**What you will do:**
Every line of the listing below is to be repeated exactly; the pictures stay out.

╭─ Collected material

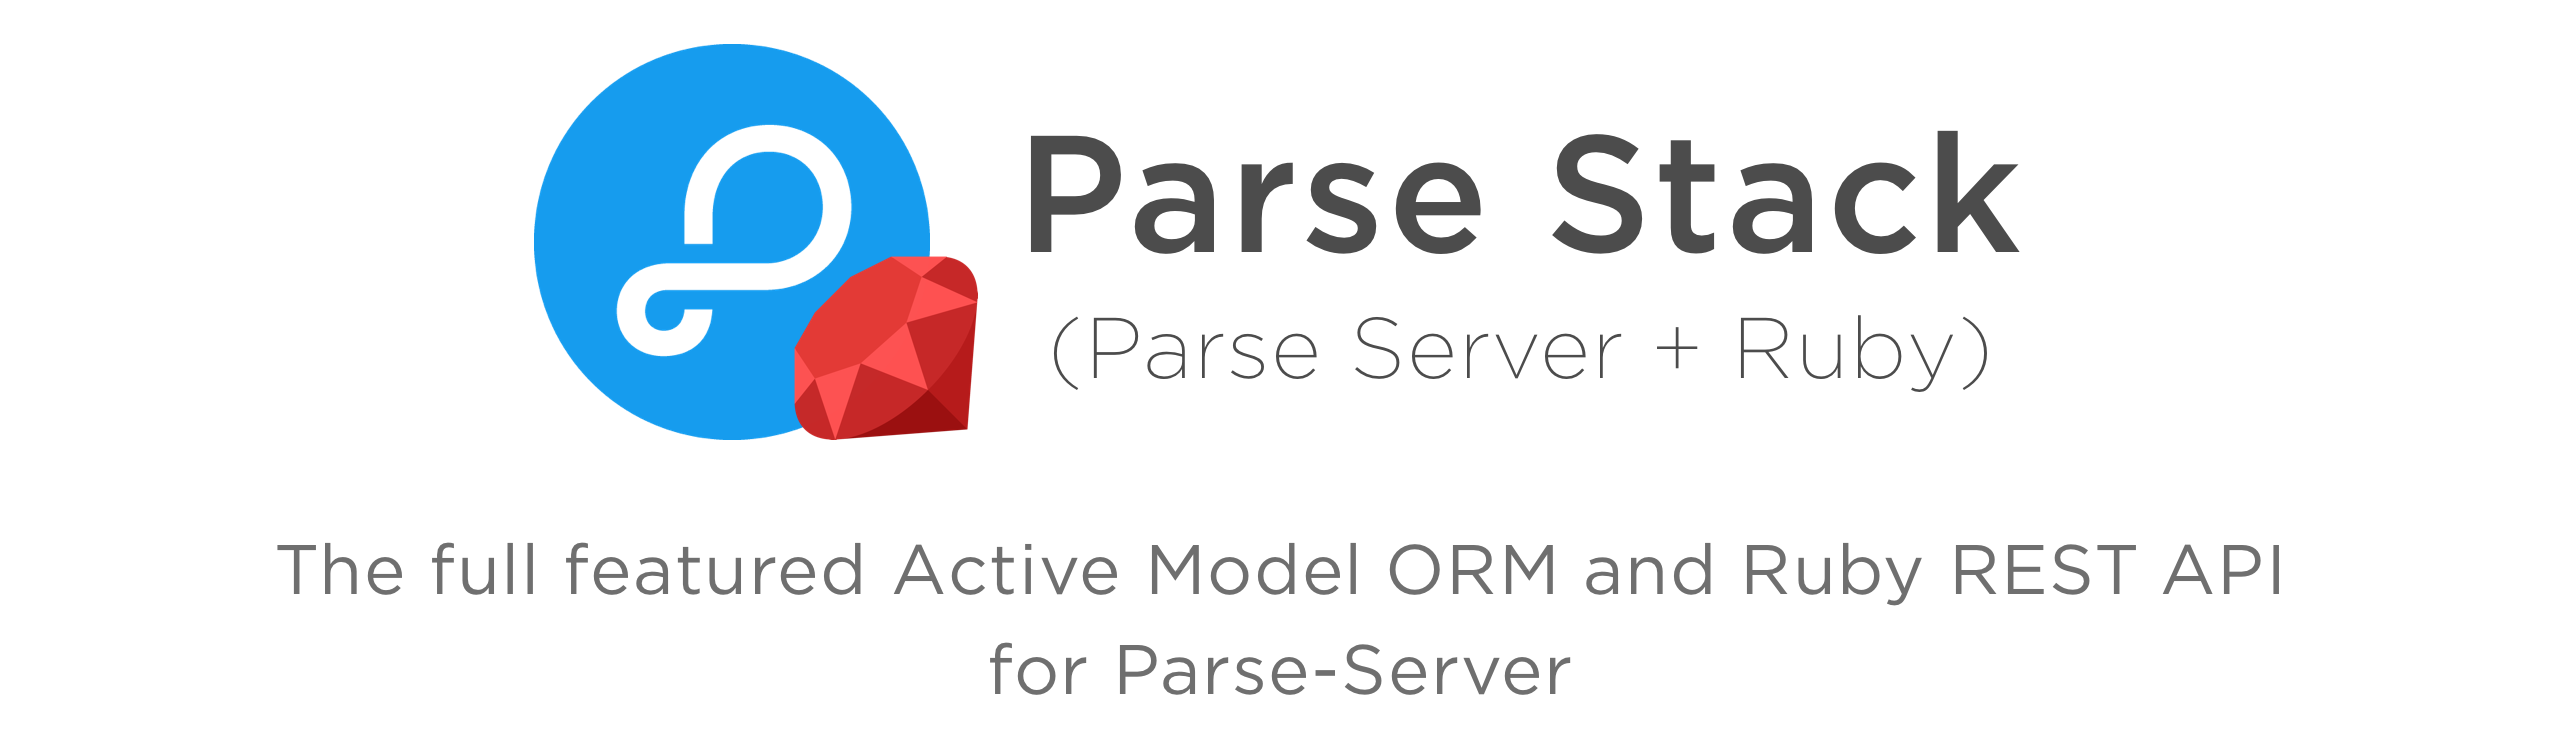 Parse-server
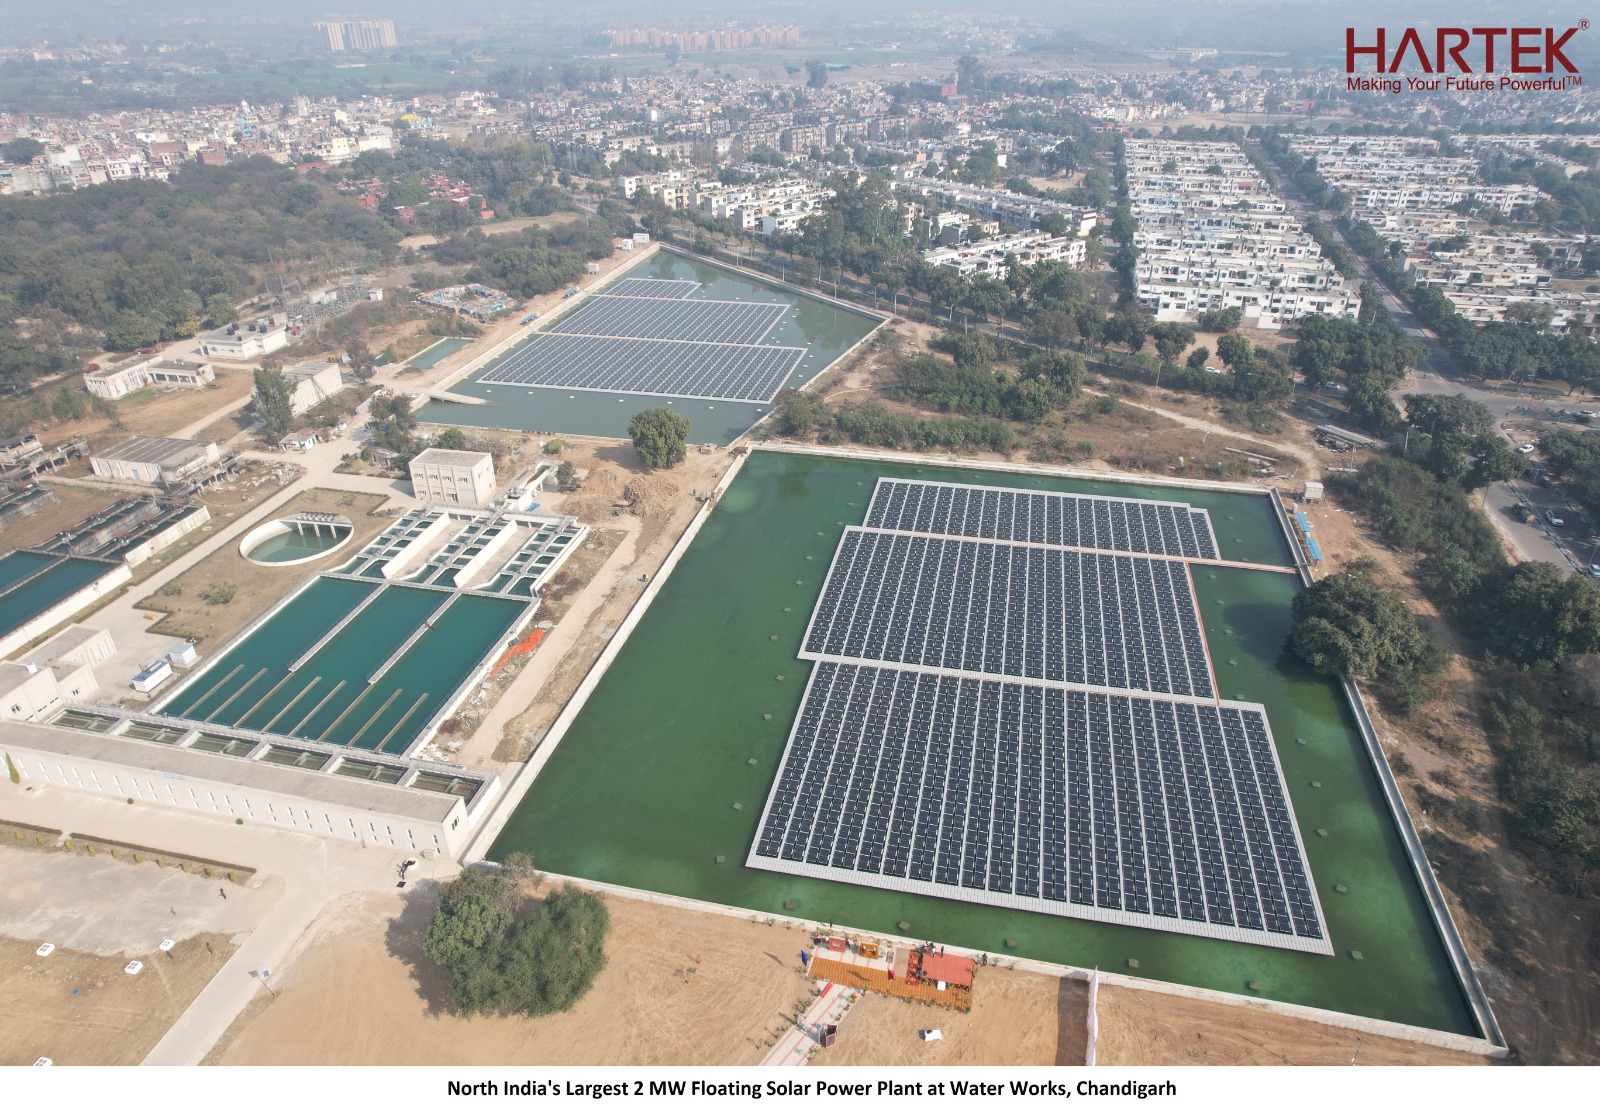 Hartek Solar bags 22 MW floating solar project from SJVN Green
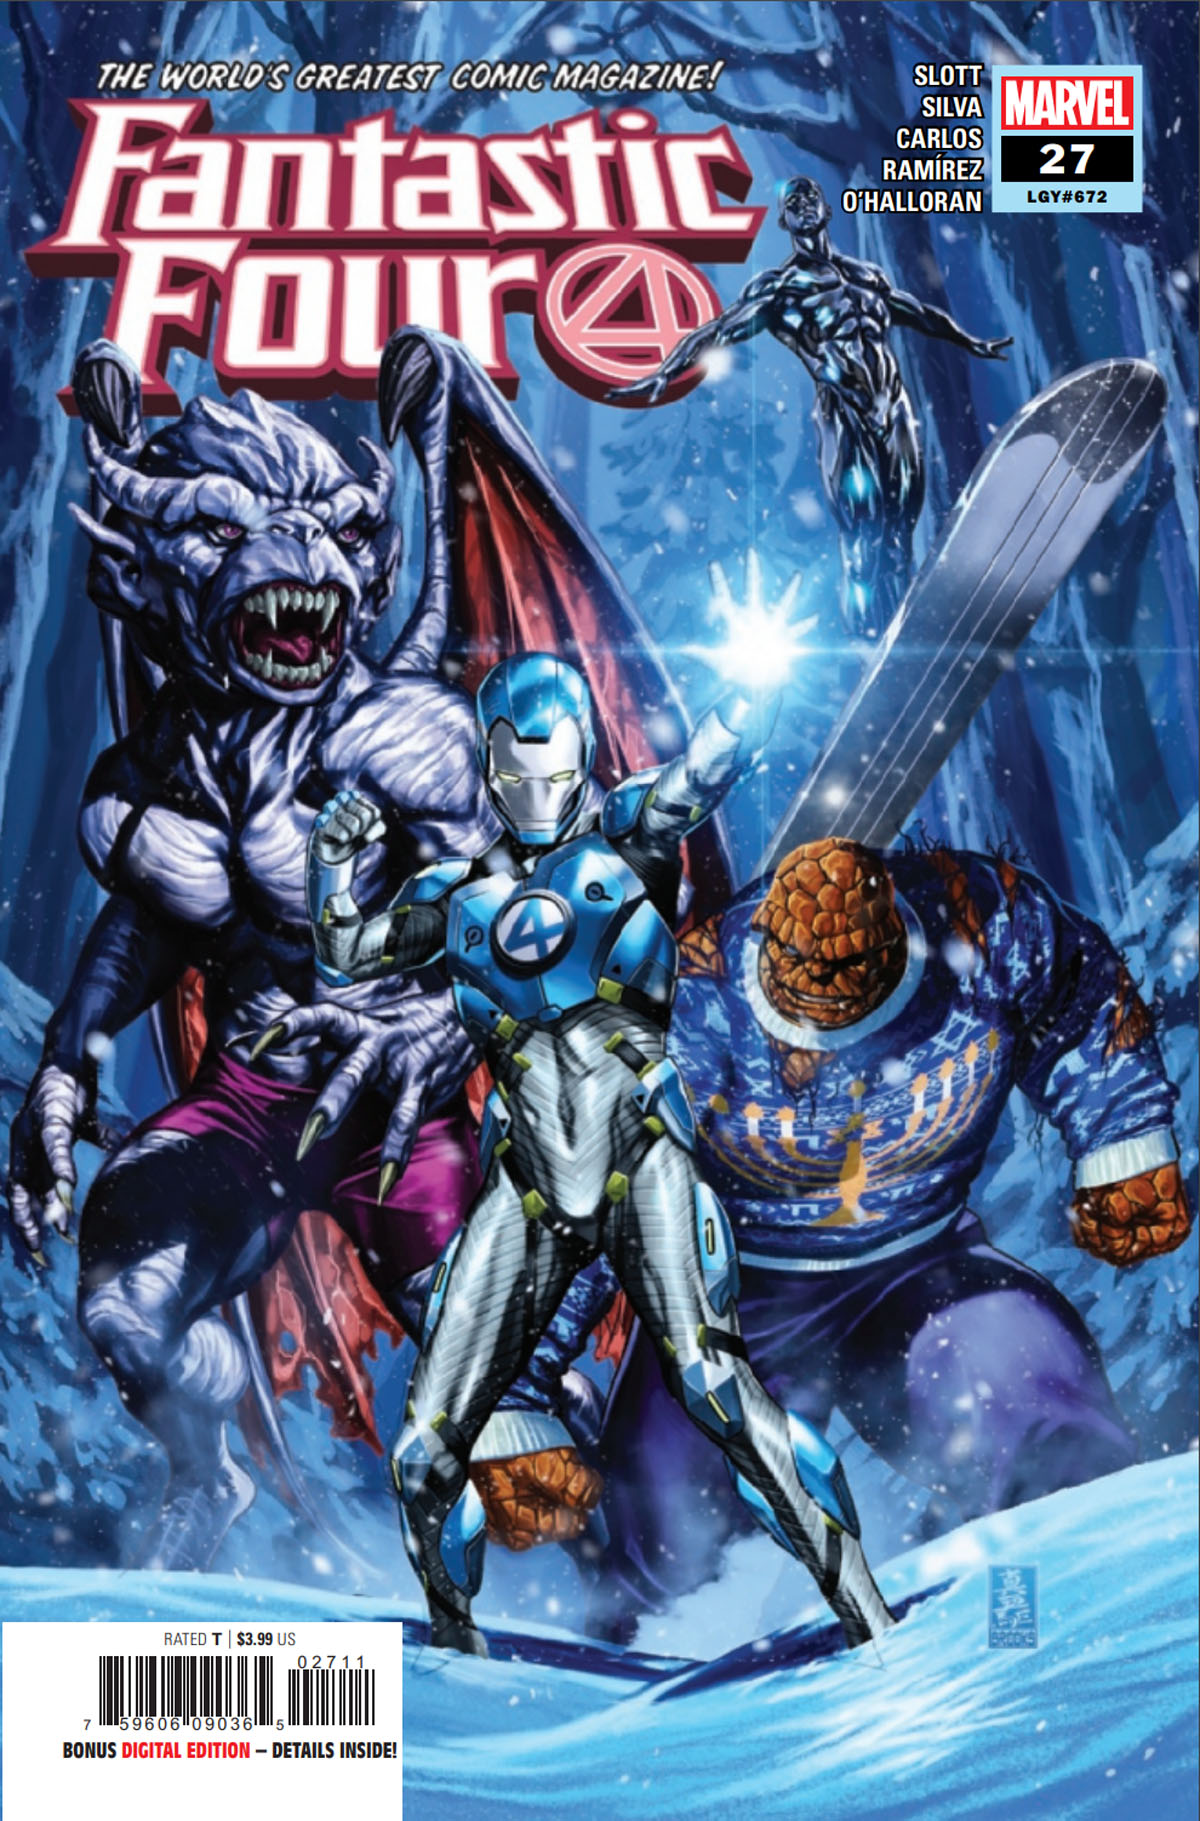 Fantastic Four #27 cover

╰─

**Output for this task:**
 Parse-server
 Hartek Solar bags 22 MW floating solar project from SJVN Green
 Fantastic Four #27 cover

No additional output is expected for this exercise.